Work required -> All lines at and after the one containing "herpa 095228 –", up to the end of the listing below, are to be printed exactly, with the pictures omitted.

Dataset content ->

>>>>>

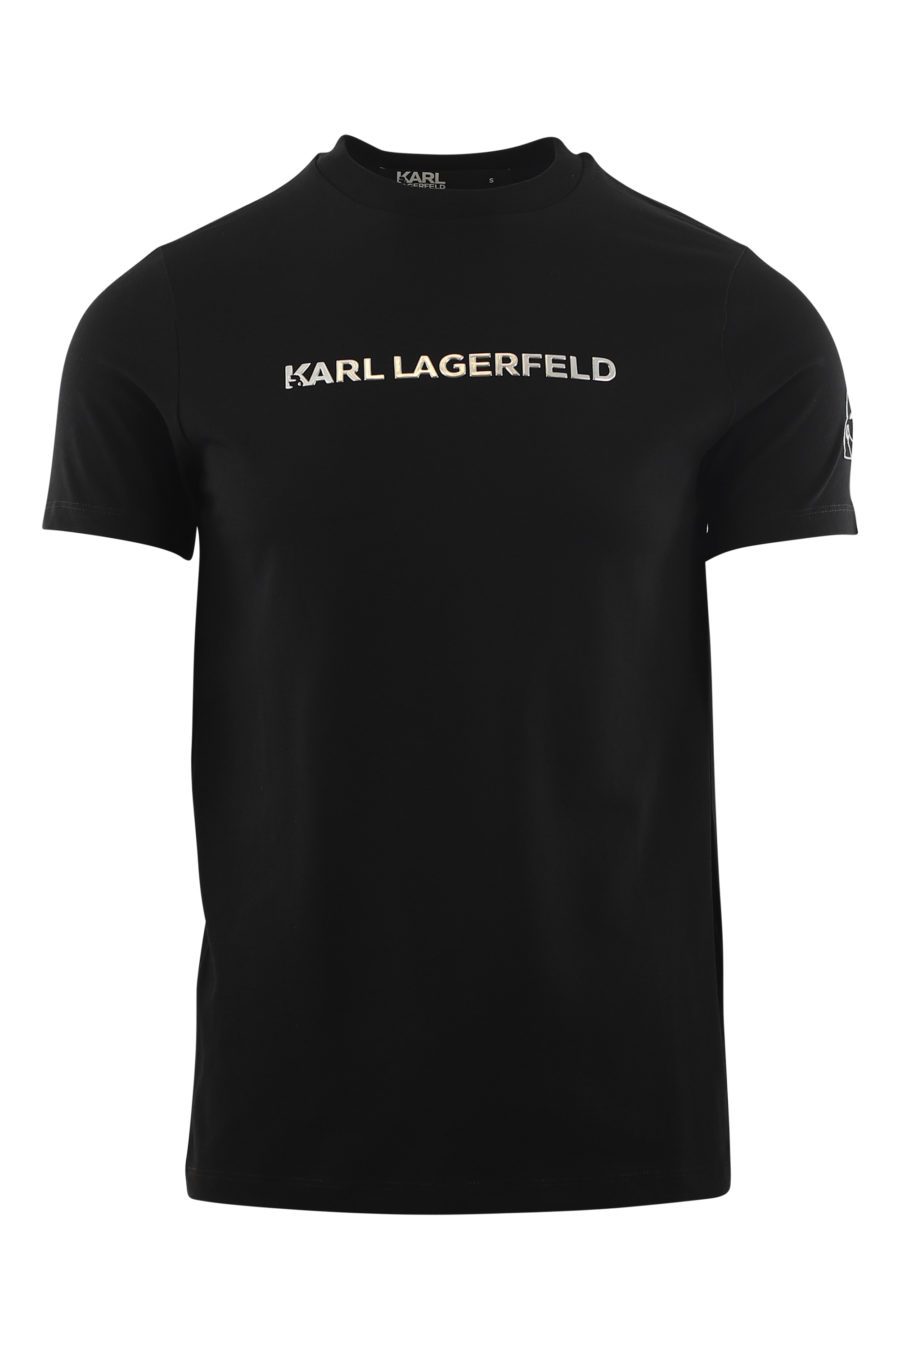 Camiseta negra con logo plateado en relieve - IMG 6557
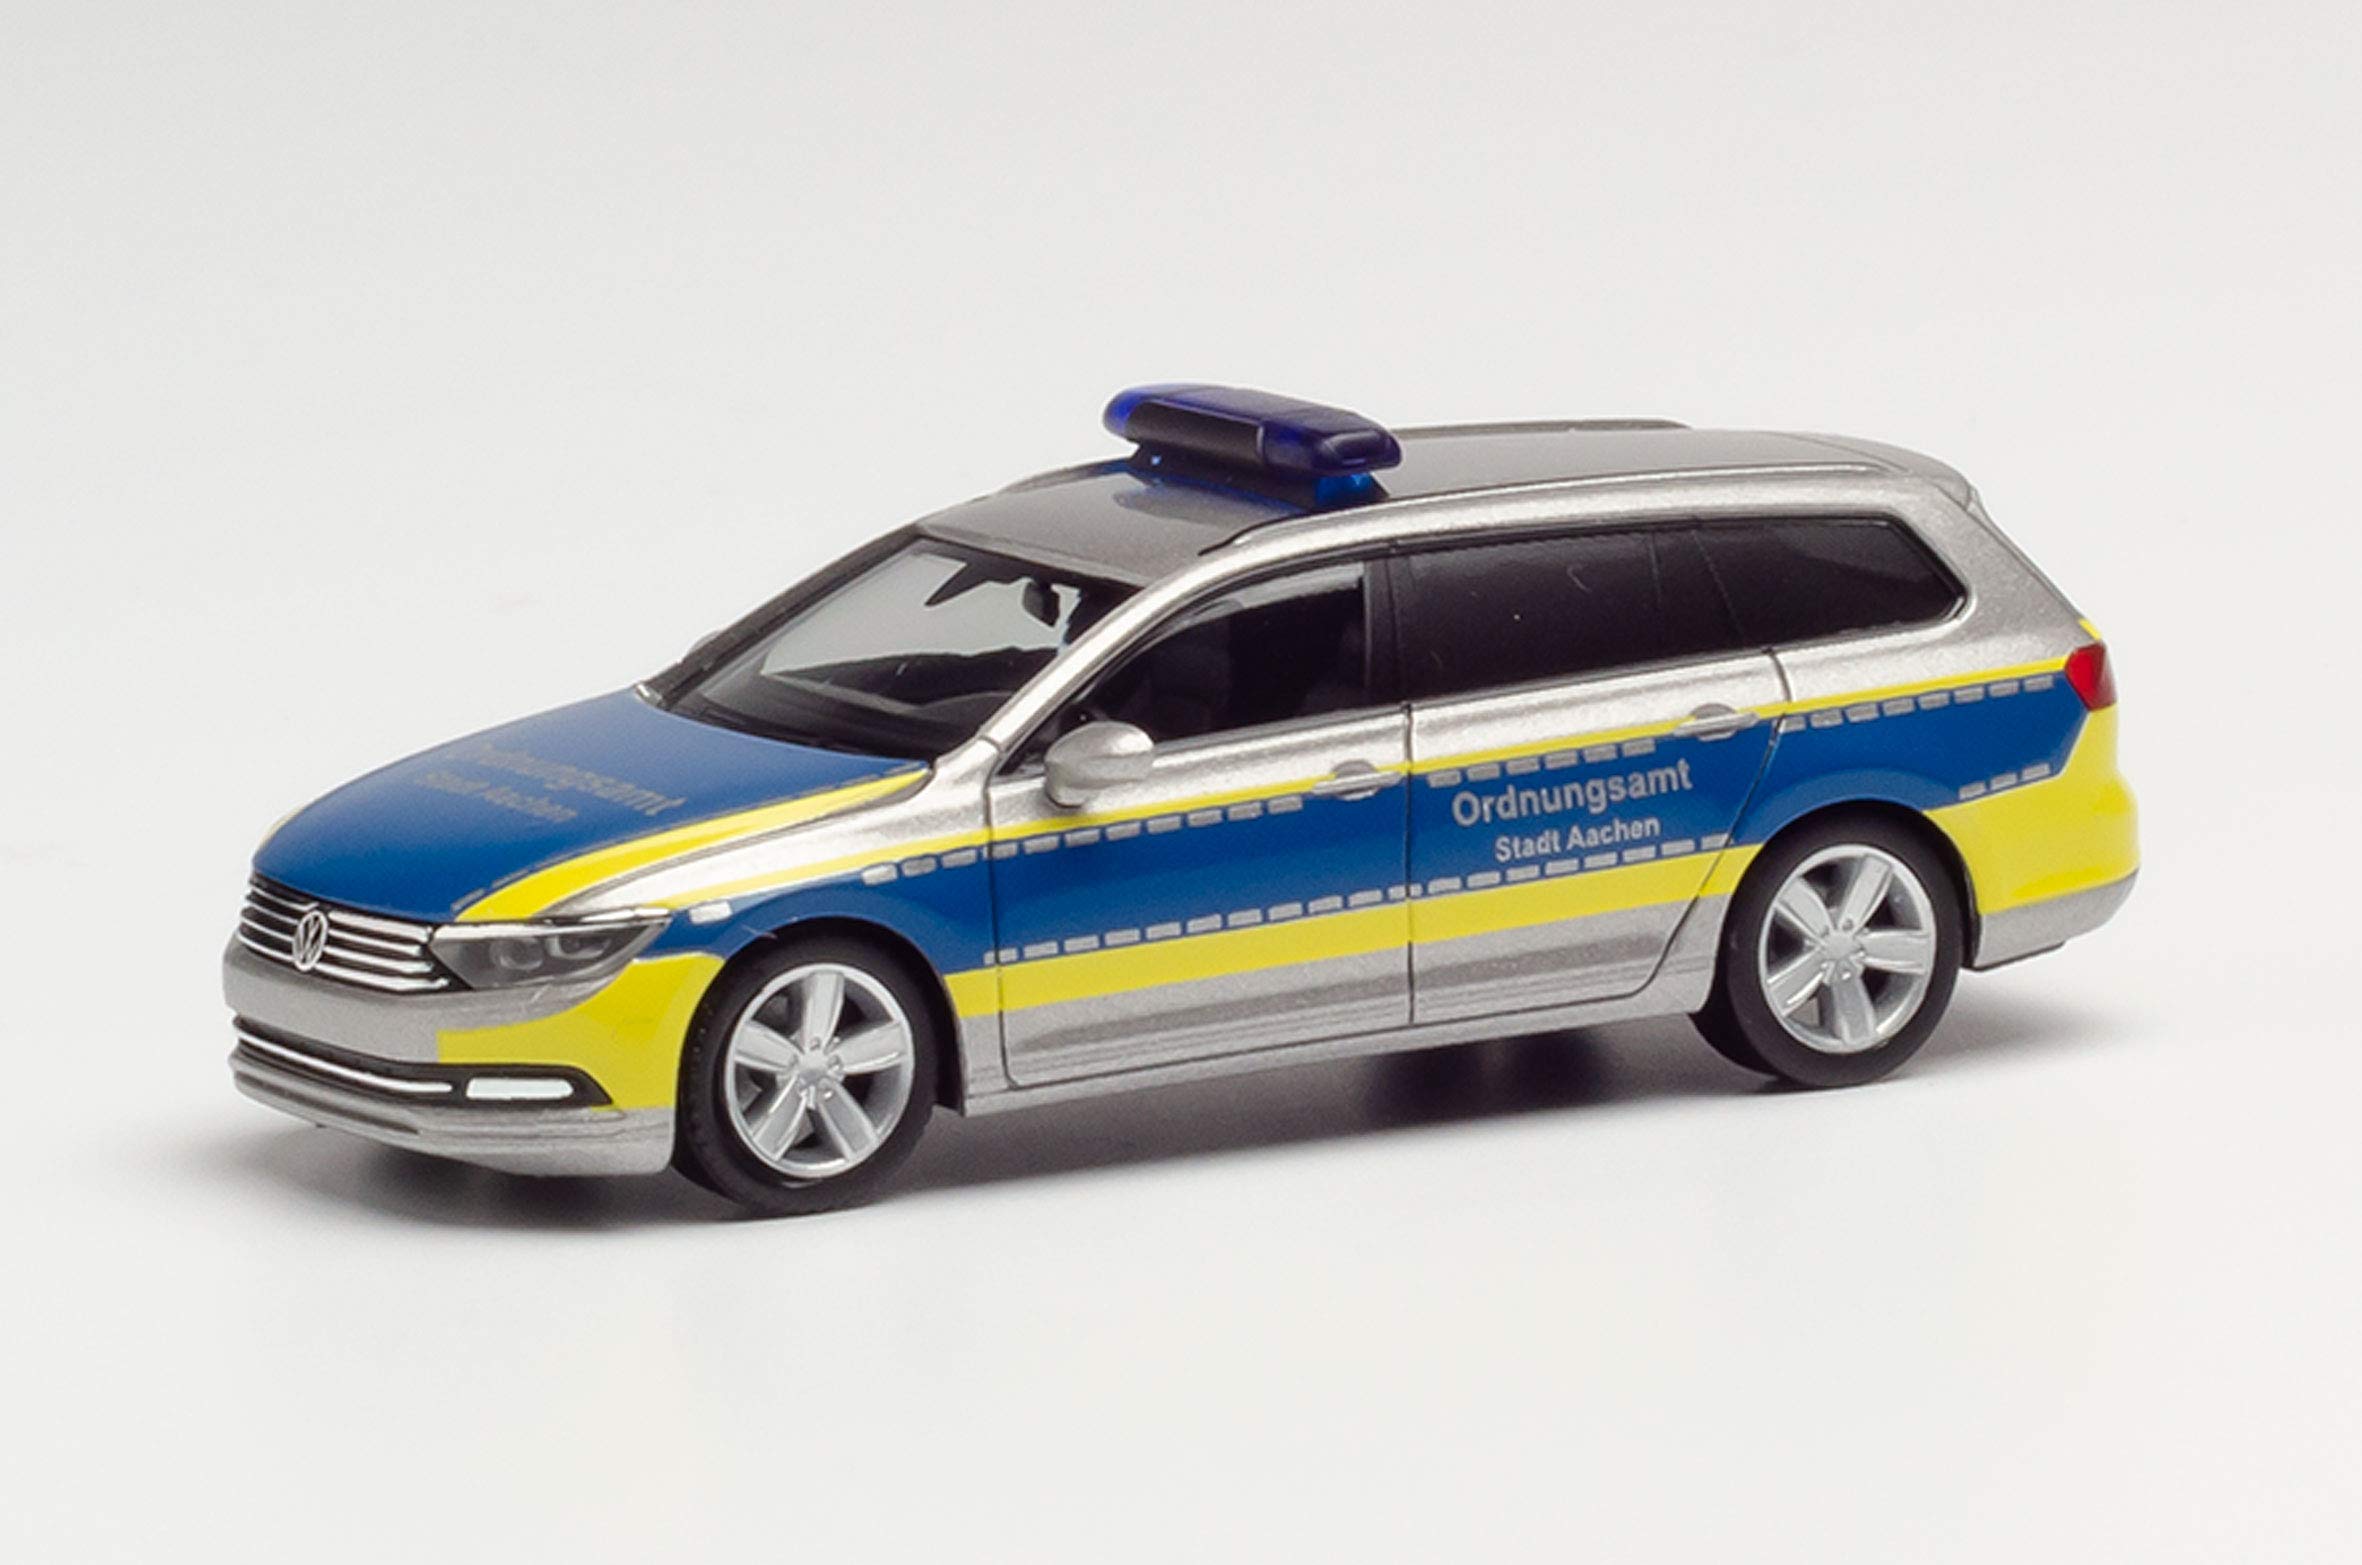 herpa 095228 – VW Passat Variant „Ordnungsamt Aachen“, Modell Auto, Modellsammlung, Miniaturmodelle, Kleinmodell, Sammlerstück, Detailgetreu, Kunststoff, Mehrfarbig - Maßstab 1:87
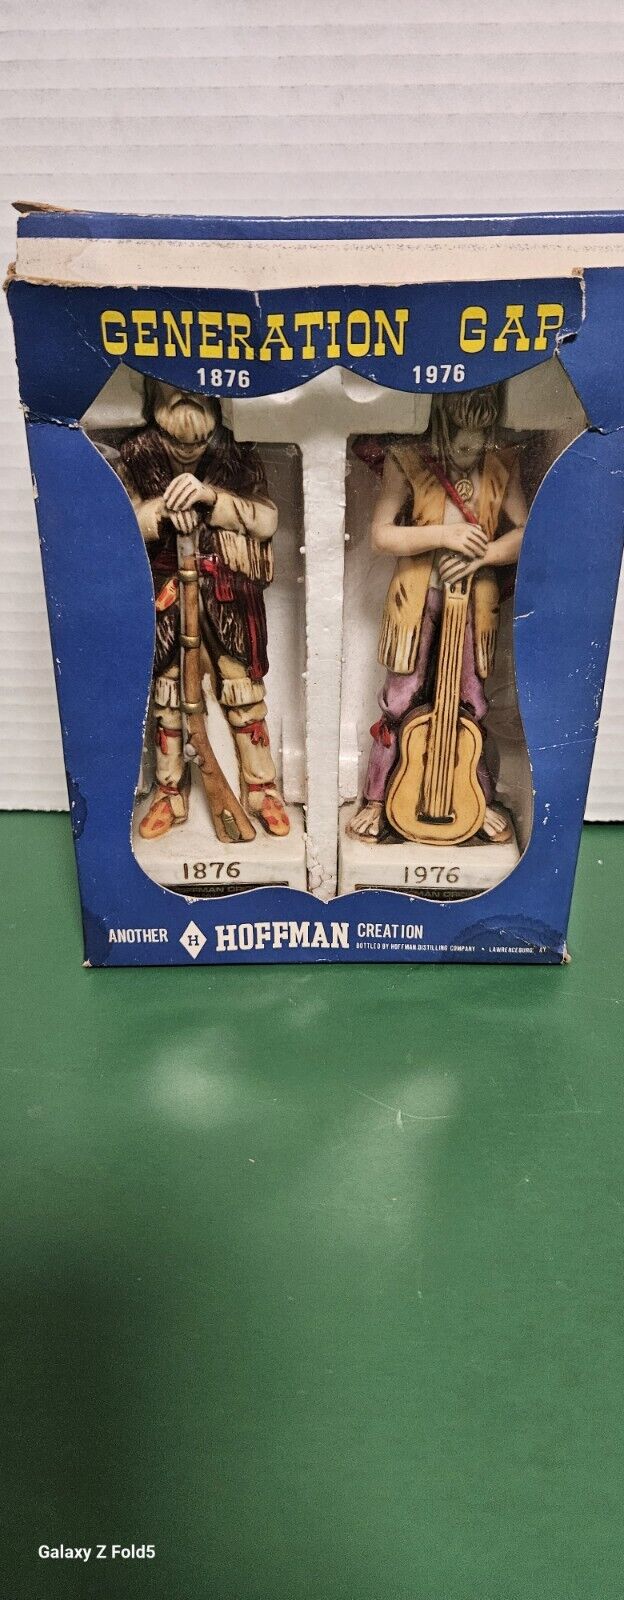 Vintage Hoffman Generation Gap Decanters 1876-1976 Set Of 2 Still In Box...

<<<<<

Exercise result ->
 herpa 095228 – VW Passat Variant „Ordnungsamt Aachen“, Modell Auto, Modellsammlung, Miniaturmodelle, Kleinmodell, Sammlerstück, Detailgetreu, Kunststoff, Mehrfarbig - Maßstab 1:87
 Vintage Hoffman Generation Gap Decanters 1876-1976 Set Of 2 Still In Box...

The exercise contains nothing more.